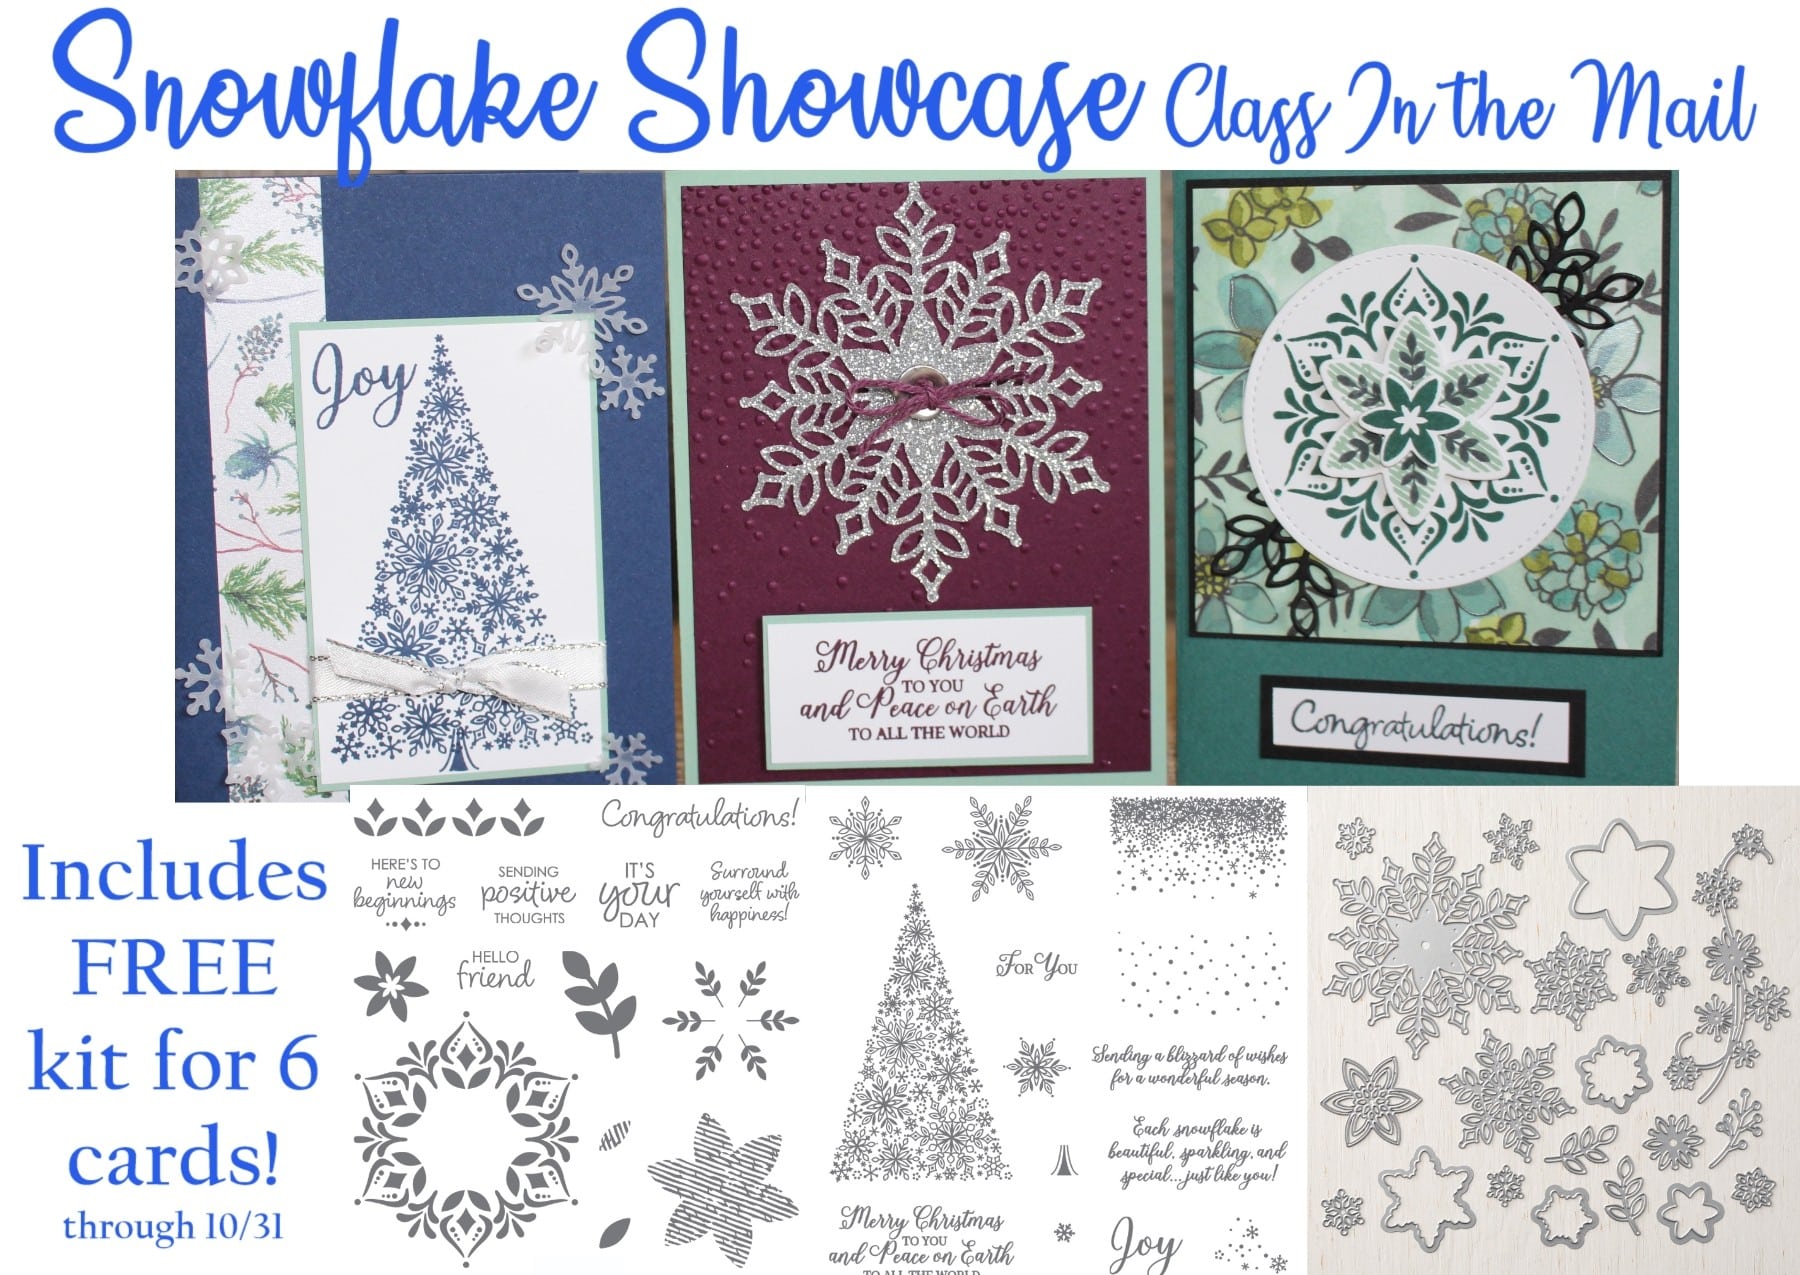 Introducing the Stampin’ Up! Snowflake Showcase Class in the Mail!
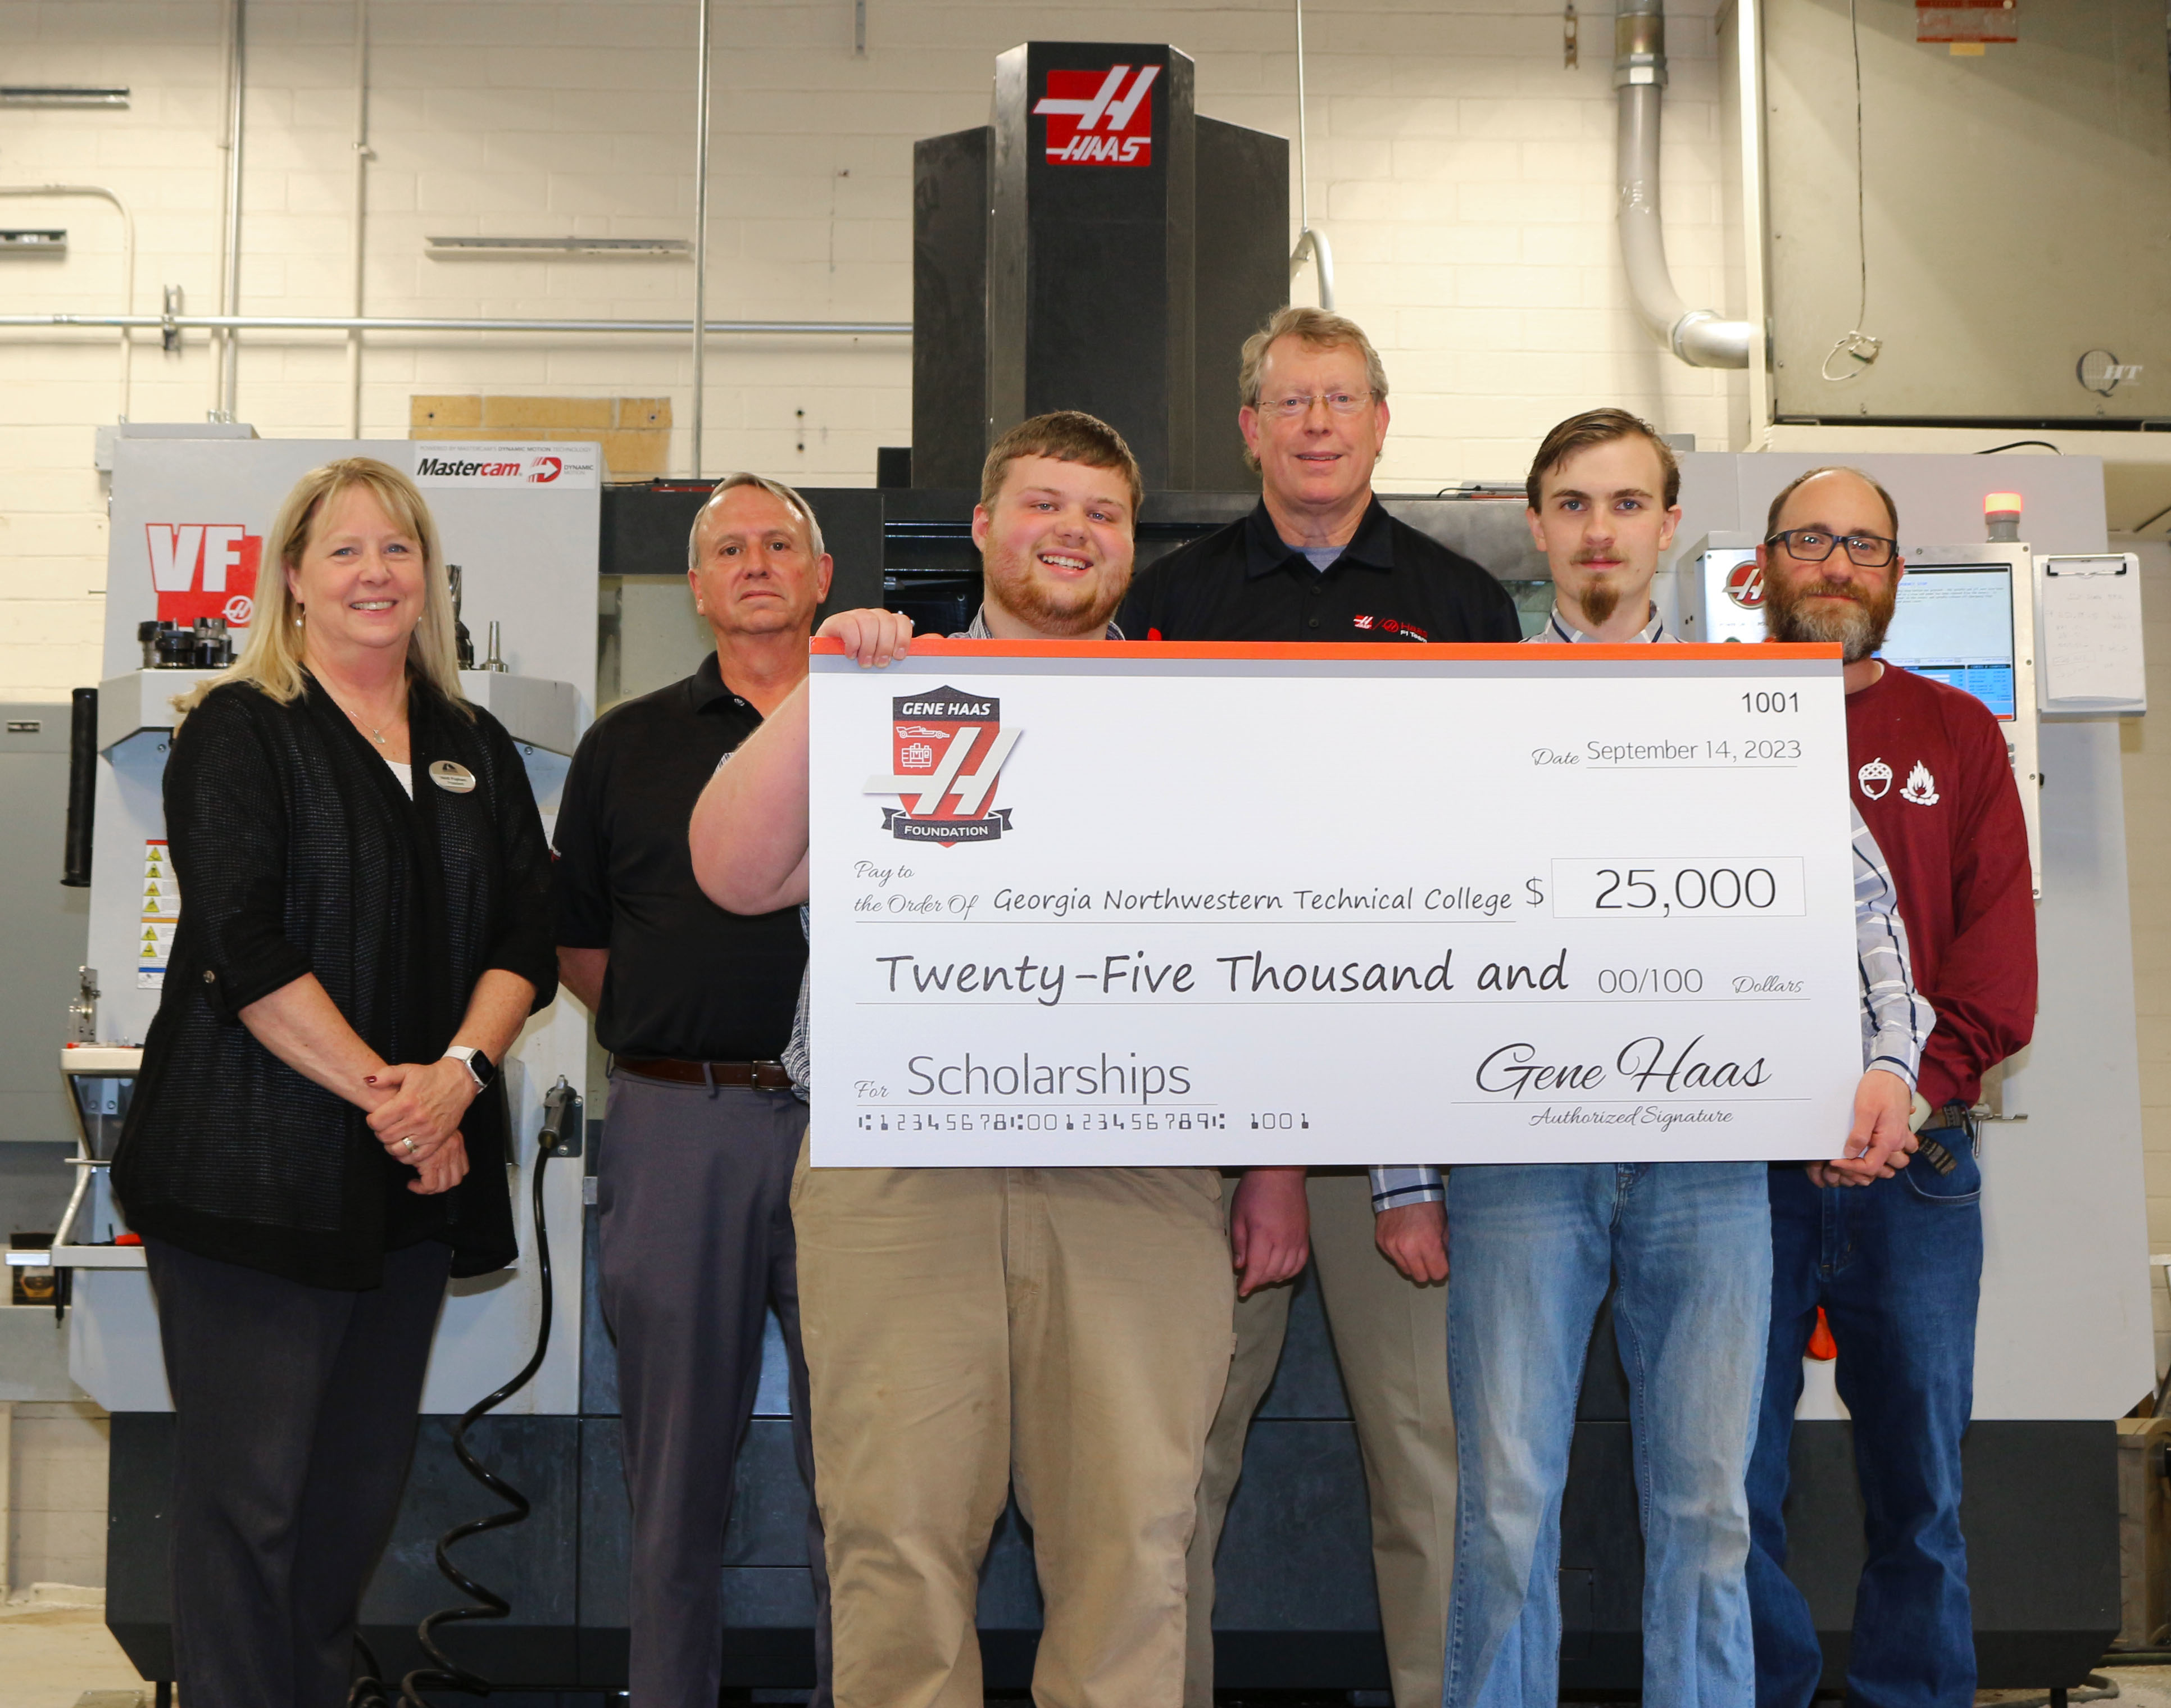 The Gene Haas Foundation presents a grant of $25,000 to GNTC on Thursday, Oct. 19. (From left) Dr. Heidi Popham, president of GNTC; David Aycock, sales engineer for Phillips Corporation/Haas Factory Outlet; GNTC student Jason Ward; Philip Shirley, Precision Machining and Manufacturing instructor; GNTC student Jeshua Freeman; and Bart Jenkins, director of Precision Machining and Manufacturing at GNTC, stand in front of a Haas VF2 Computer Numerical Control milling machine at the Floyd County Campus in Rome. Freeman and Ward received scholarships this semester that are funded through the Gene Haas Foundation grant.
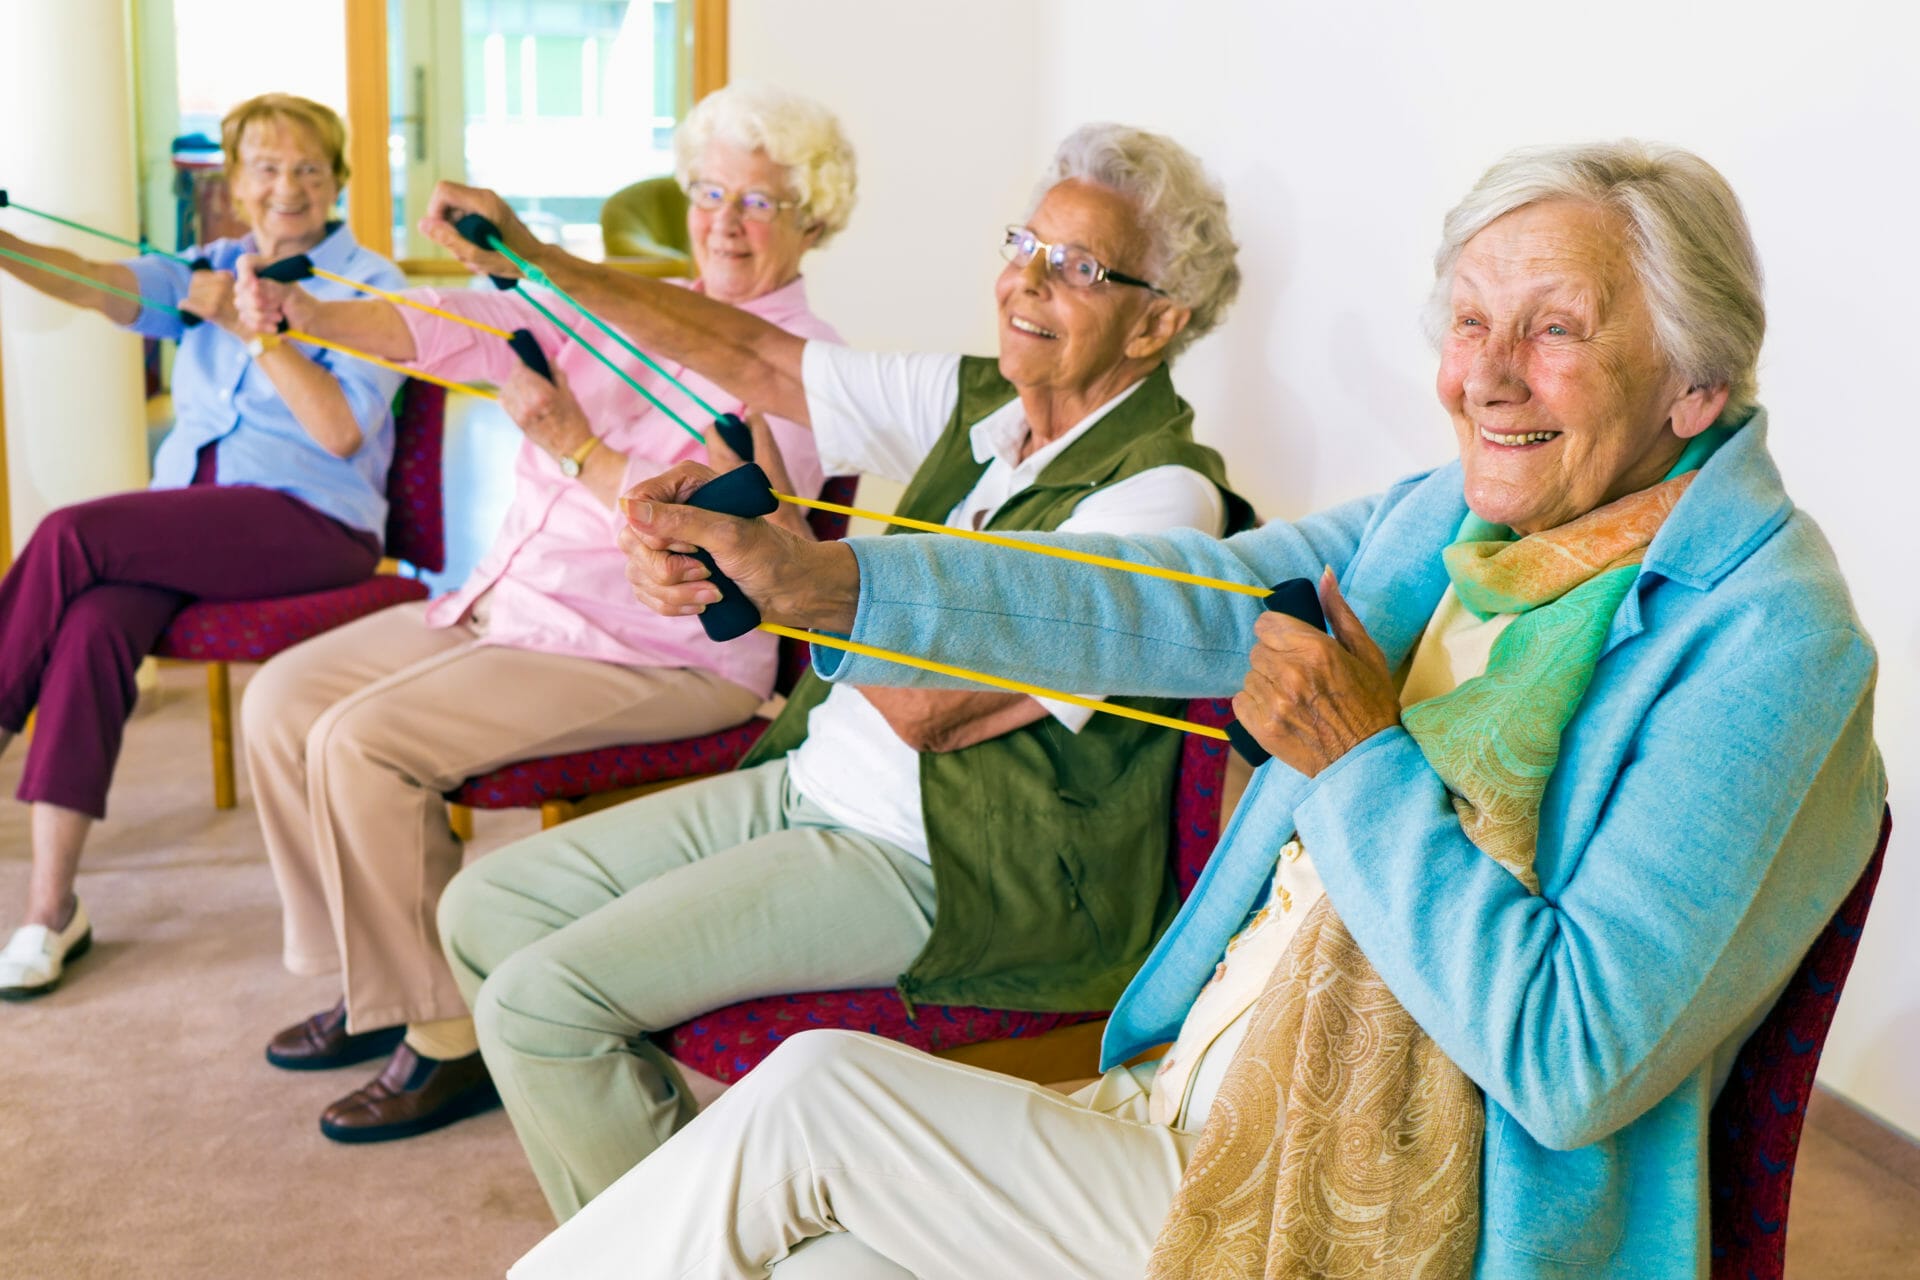 Group of four smiling senior women toning their arms with elastic strengthening bands while seated in fitness class.
##########
» **WORK REQUIRED**: Are you able to set down all the lines above exactly, without any pictures?

» **PROBLEM SOLUTION**:
 Introducing the Stampin’ Up! Snowflake Showcase Class in the Mail!
 The Gene Haas Foundation presents a grant of $25,000 to GNTC on Thursday, Oct. 19. (From left) Dr. Heidi Popham, president of GNTC; David Aycock, sales engineer for Phillips Corporation/Haas Factory Outlet; GNTC student Jason Ward; Philip Shirley, Precision Machining and Manufacturing instructor; GNTC student Jeshua Freeman; and Bart Jenkins, director of Precision Machining and Manufacturing at GNTC, stand in front of a Haas VF2 Computer Numerical Control milling machine at the Floyd County Campus in Rome. Freeman and Ward received scholarships this semester that are funded through the Gene Haas Foundation grant.
 Group of four smiling senior women toning their arms with elastic strengthening bands while seated in fitness class.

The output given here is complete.